On 3/12/08 9:24 AM, "Prasan Ary" wrote:

> I have a very large xml file as input and a couple of Map/Reduce functions.
> Input key/value pair to all of my map functions is the same.
> I was wondering if there is a way that I read the input xml file only once,
> then create key/value pair (also once) and give these k/v pairs as input to my
> map functions as opposed to having to read the xml and generate key/value once
> for each map functions?
> 
> thanks.
> 
> 
> 
> ---------------------------------
> Looking for last minute shopping deals? Find them fast with Yahoo! Search.

---------------------------------
Be a better friend, newshound, and know-it-all with Yahoo!
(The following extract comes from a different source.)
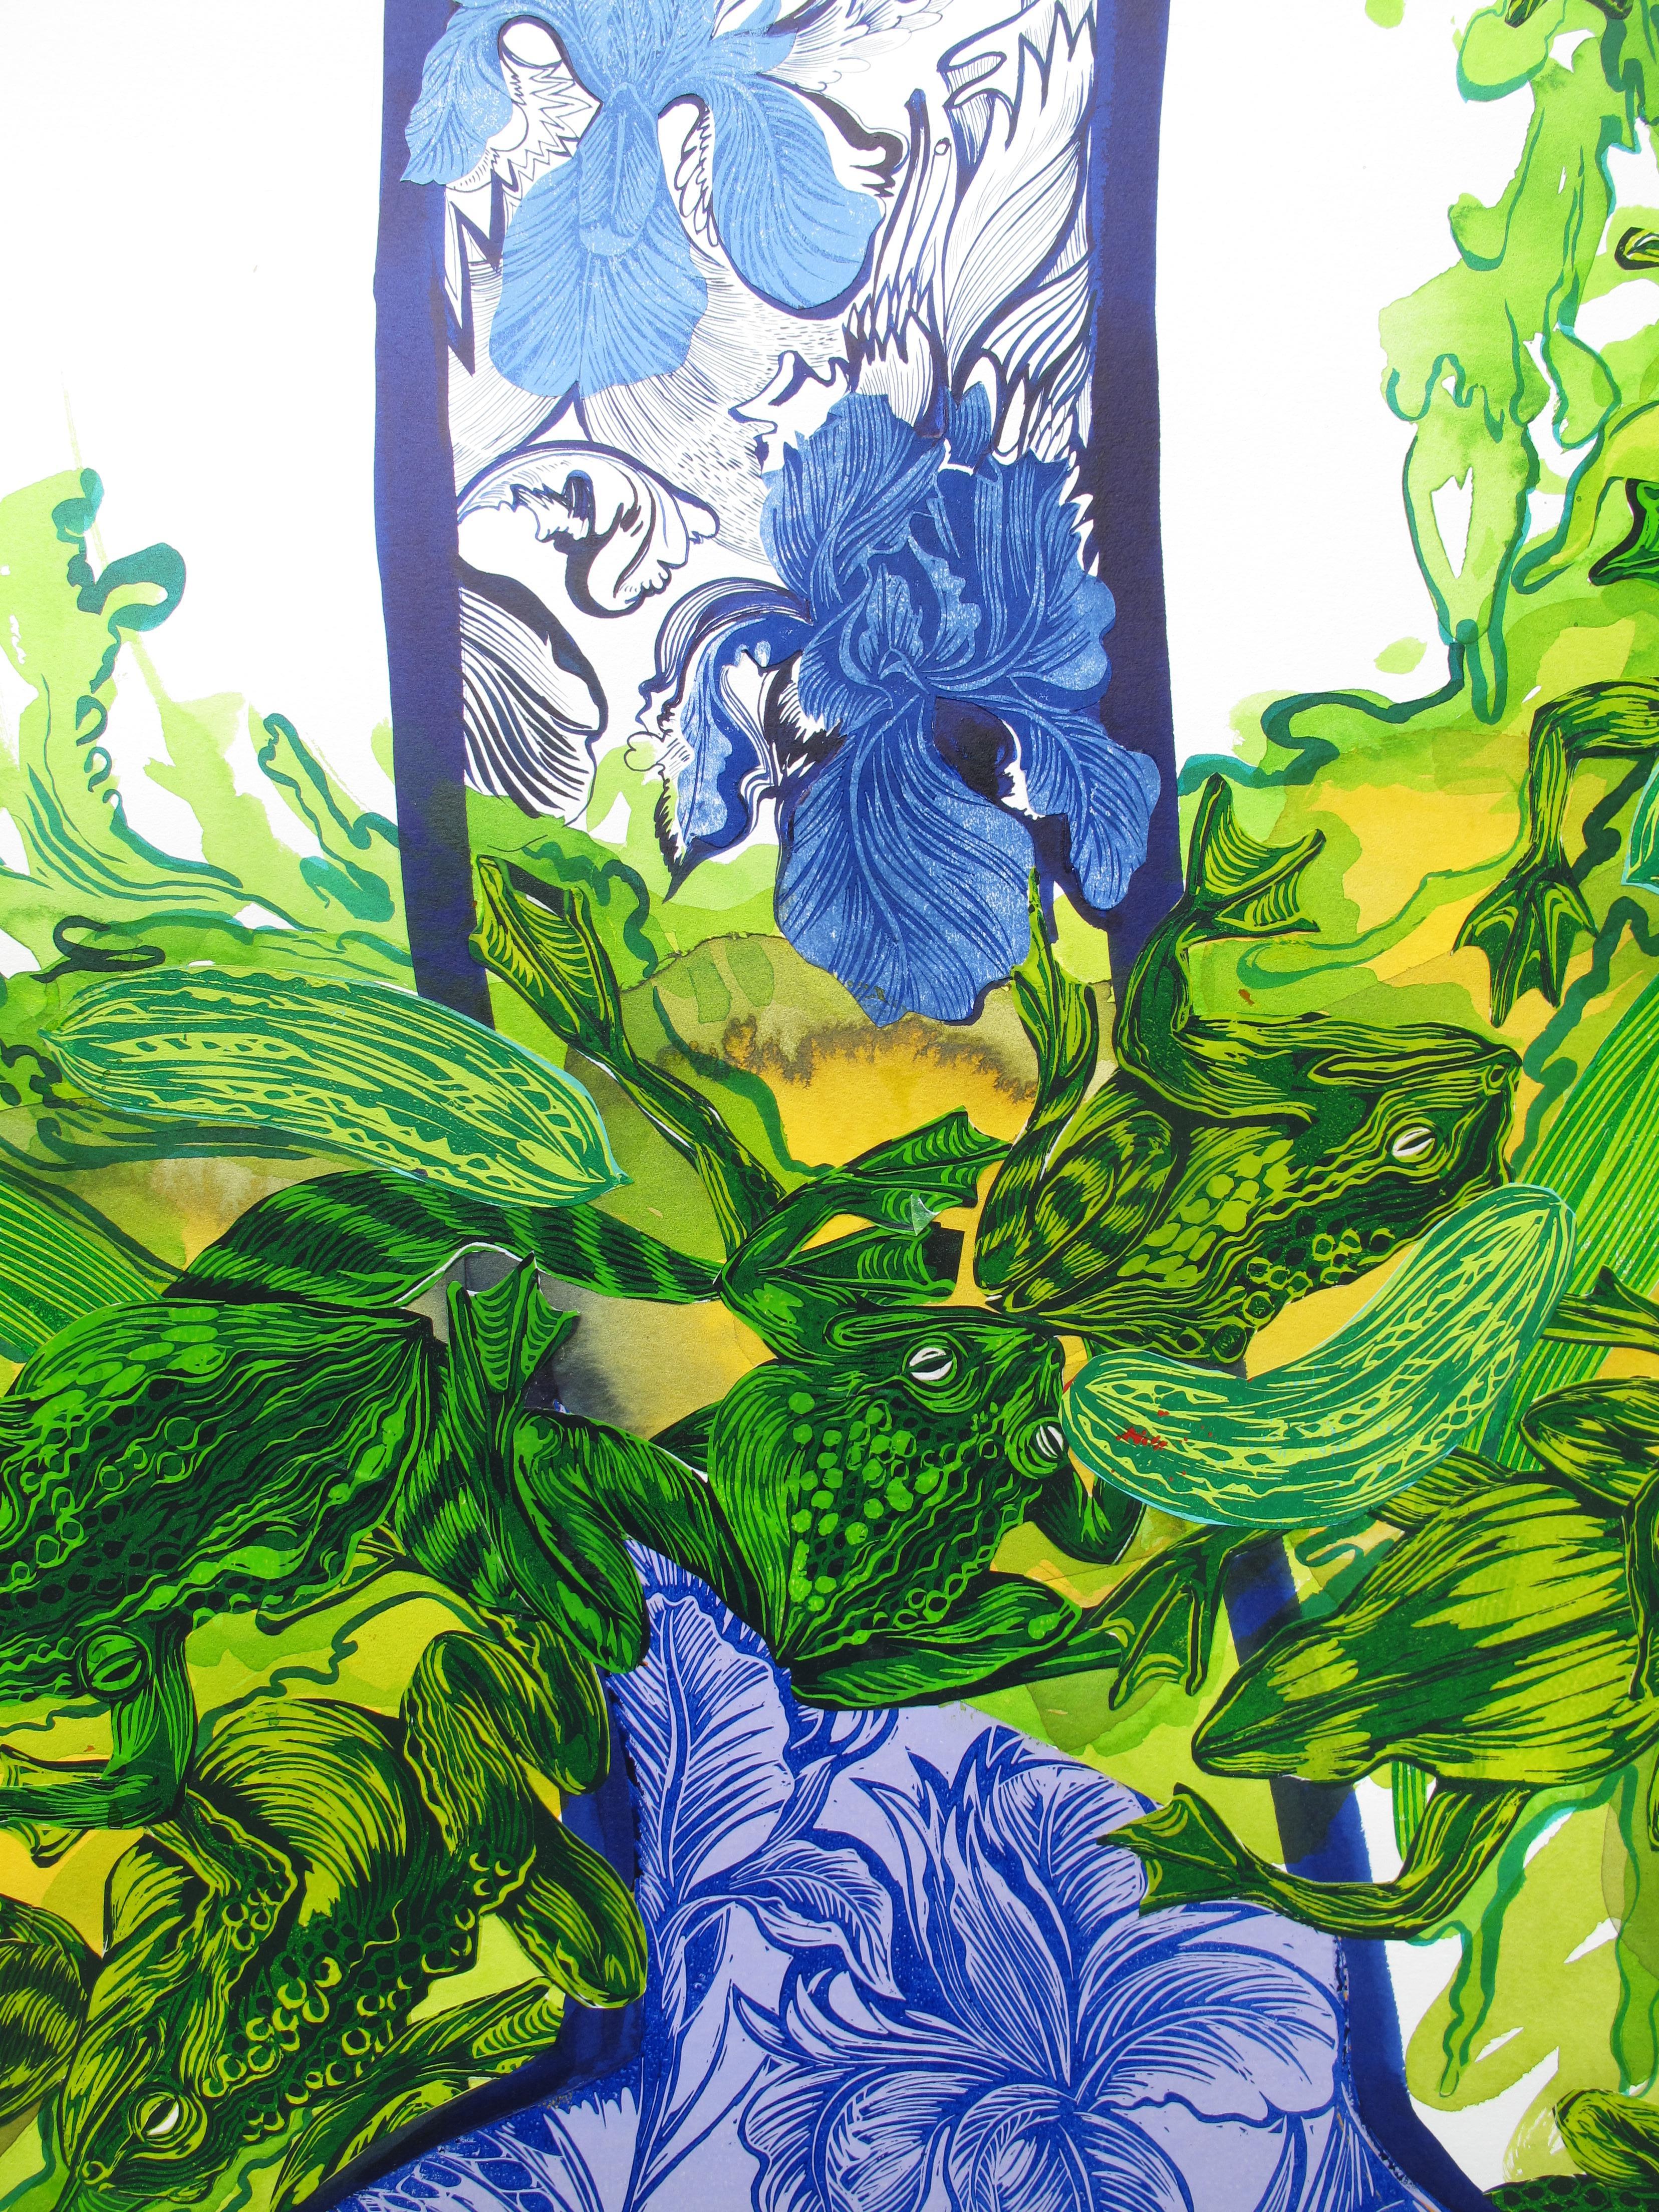  Grande peinture surréaliste Royal College of Art LGBTQ+ femmes artiste vert bleu - Noir Figurative Painting par Isabel Rock

Mobile.  Try it now.

Re: reading input file only once for multiple map functions

Posted by Ted Dunning <td...@veoh.com>.

Your request sounds very strange.

First off, different map objects are created on different machines (that IS
the point, after all) and thus any reading of data has to be done on at
least all of those machines.  The map object is only created once per split,
though, so that might be a bit more what you are getting at.

Your basic requirement is a little odd, however, since you say that the
input to all of the maps is the same.  What is the point of parallelism in
that case?  Are your maps random in some sense?  Are they really operating
on different parts of the single input?  If so, shouldn't they just be
getting the part of the input that they will be working on?

Perhaps you should describe what you are trying to do at a higher level.  It
really sounds like you have taken a bit of an odd turn somewhere in your
porting your algorithm to a parallel form.

On 3/12/08 9:24 AM, "Prasan Ary" <vo...@yahoo.com> wrote:

> I have a very large xml file as input and a  couple of Map/Reduce functions.
> Input key/value pair to all of my map functions is the same.
>   I was wondering if there is a way that I read the input xml file only once,
> then create key/value pair (also once) and give these k/v pairs as input to my
> map functions as opposed to having to read the xml and generate key/value once
> for each map functions?
>    
>   thanks.
>    
> 
>        
> ---------------------------------
> Looking for last minute shopping deals?  Find them fast with Yahoo! Search.